The blue color measures poverty levels. There is a moderate correlation between high numbers of dots (homicides) and deeper blue (poorer). The magenta color measures education attainment and the orange color measures proportion of blacks. In Baltimore, it appears that race is substantially better at explaining the prevalence of homicides.

This work is exemplary because it transcends description (first map) and explores explanations for the spatial pattern. Because three factors are explored together in a small-multiples layout, readers learn that no single factor can explain everything. In addition, we learn that different factors have different degrees of explanatory power.

Attentive readers will also find that the three factors of poverty, education attainment and proportion black are mutually correlated.  Areas with large black populations also tend to be poorer and less educated.

***

I also like the introductory section in which a little dose of interactivity is used to sequentially present the four maps, now superimposed.
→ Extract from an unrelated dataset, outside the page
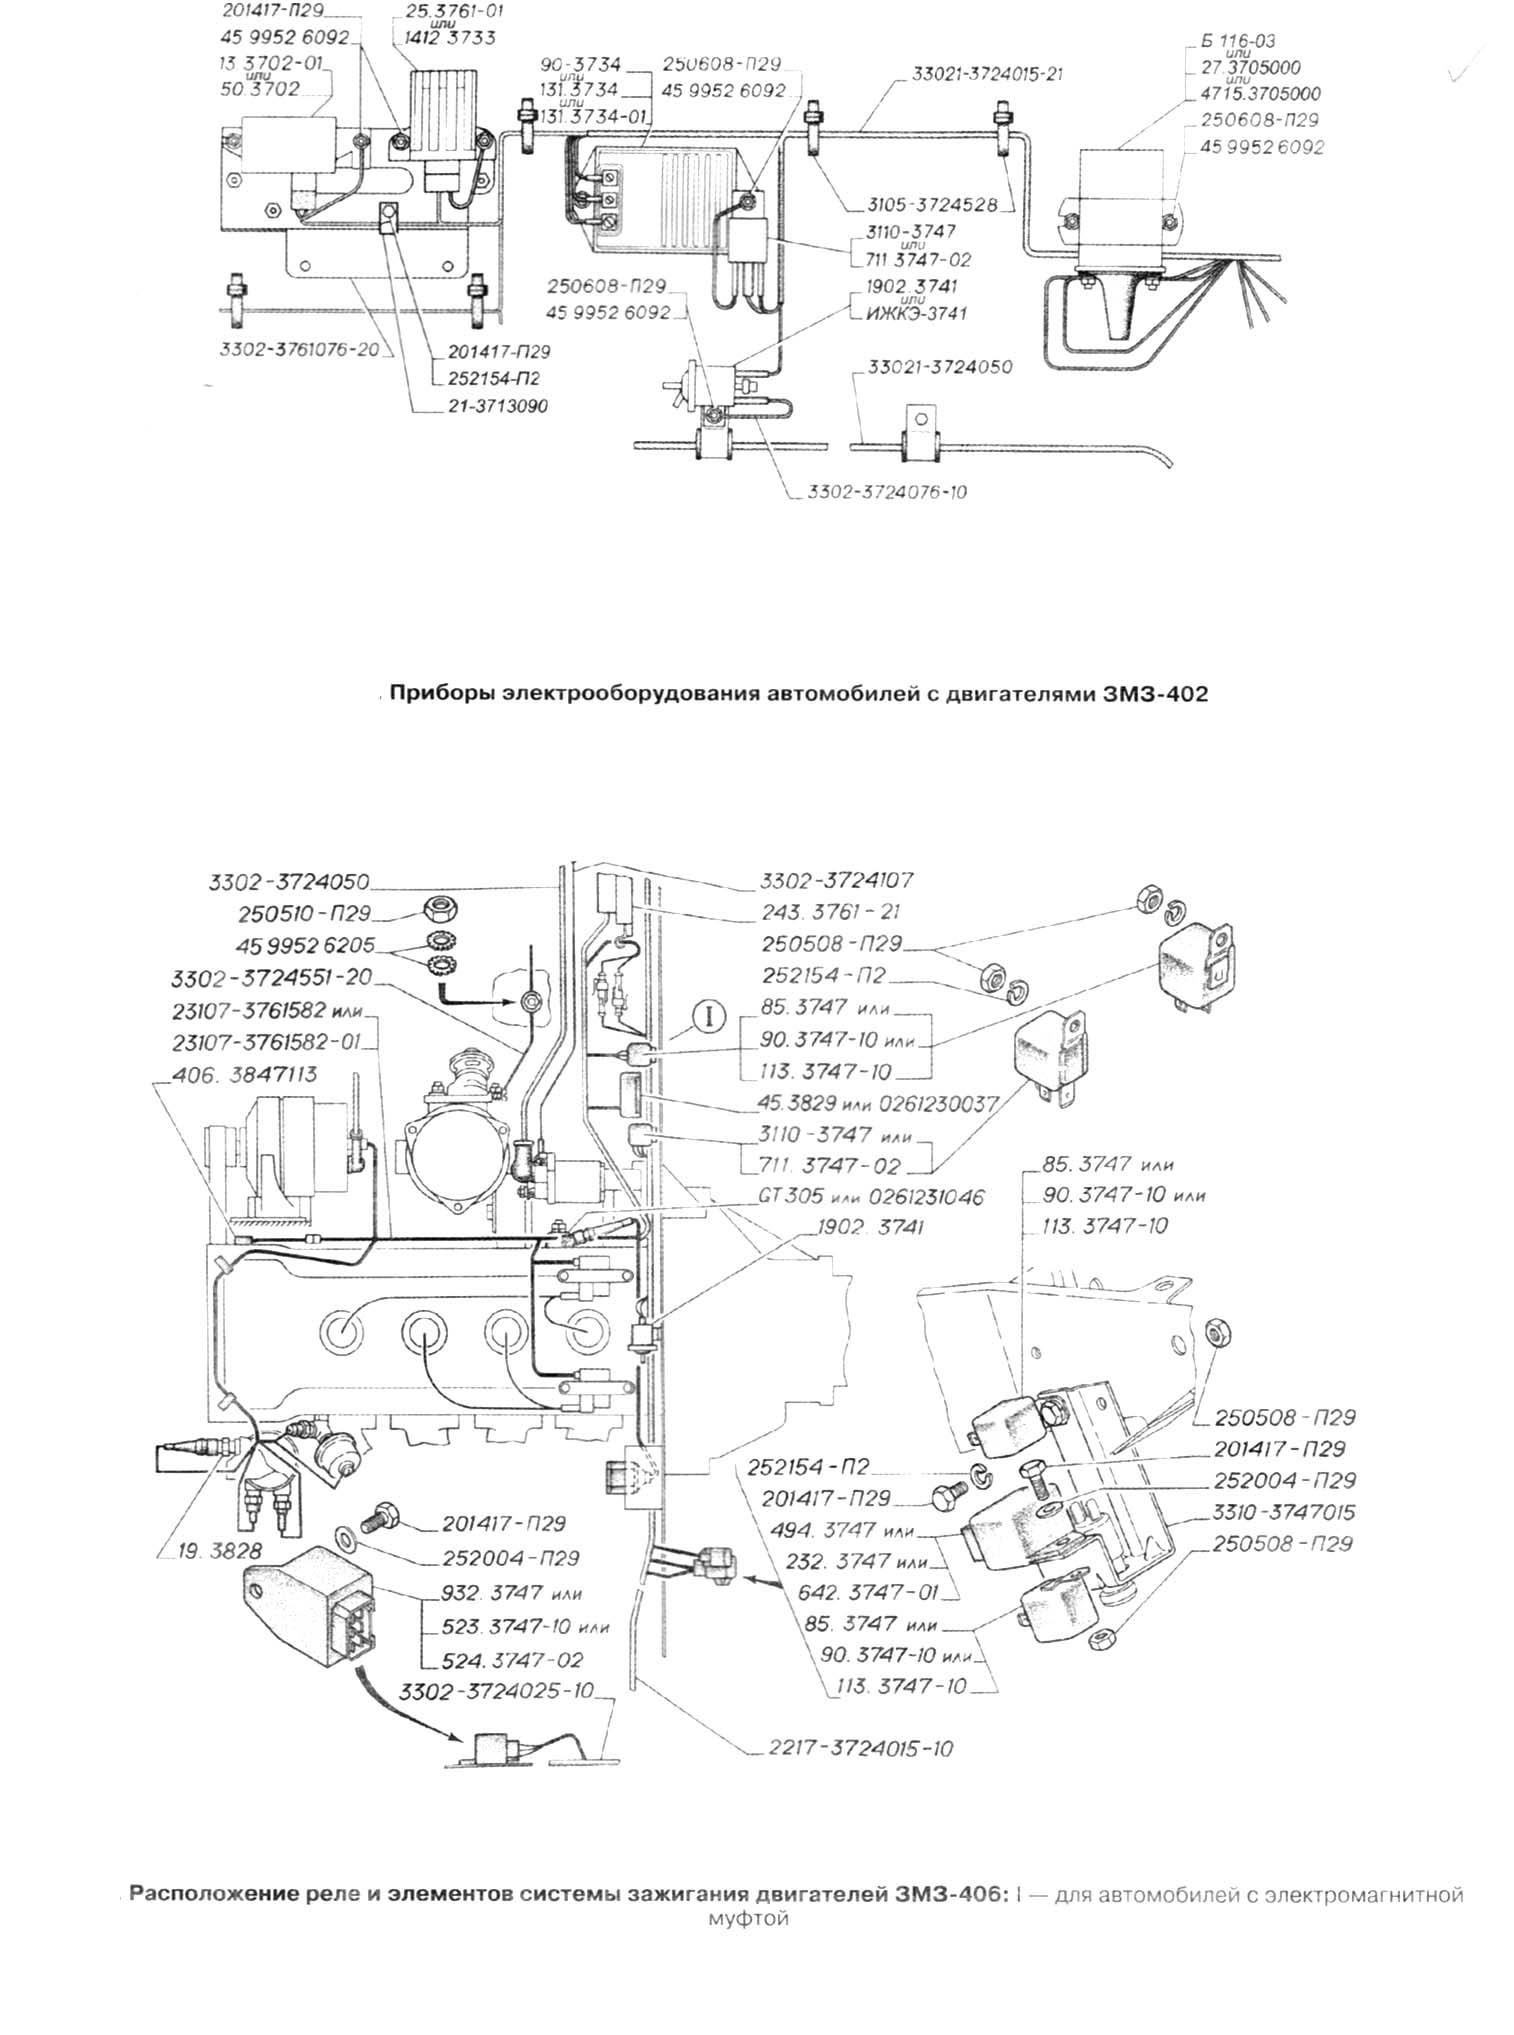 Электрическая схема двигателя змз-402

It then becomes possible to comprehend the rest quickly.

Guardian_guncrimemaps_stlouis_2

 ***

The top section is less successful as proportions are not easily conveyed via dot density maps.

Guardian_guncrime_map_prop

Dropping the map form helps. Here is a draft of what I have in mind. I just pulled some data from online sources at the metropolitan area (MSA) level, and it doesn't have as striking a comparison as the city-level data, it seems.

Redo_guardiangundeathsprop

 

 PS. On Twitter, Aliza tells me the article was dated January 9, 2017.


Storm story, a masterpiece

The visual story published by the New York Times on hurricane Irma is a masterpiece. See the presentation here.

The story starts with the standard presentation of the trajectories of past hurricane on a map:

Nyt_irma_map

Maps are great at conveying location and direction but much is lost in this rendering - wind speeds, time, strength, energy, to name but a few.

The Times then switches to other chart forms to convey some of the other data. A line chart is used to convey the strength of wind speeds as the storms shake through the Atlantic. Some kind of approximation is used to straighten the trajectories along an east-west orientation.

Nyt_irma_notime

The key insight here is how strong Irma was pretty far out in the Atlantic. The lines in the background can be brought to live by clicking on them. This view omits some details - the passage of time is ignored, and location has been reduced to one dimension.

The display then switches again, and this time it shows time and wind speed.

Nyt_irma_nolocation

This shows Irma's strength, sustaining Category 5 level windss for three days. This line chart ignores location completely.

Finally, a composite metric called cyclone energy is introduced.

Nyt_irma_energy

This chart also ignores location. It does show Irma as a special storm. The storm that has reached the maximum energy by far is Ivan. Will Irma beat that standard? I am not so sure.

Each chart form has limitations. The use of multiple charts helps convey a story from multiple perspectives. A very nice example indeed.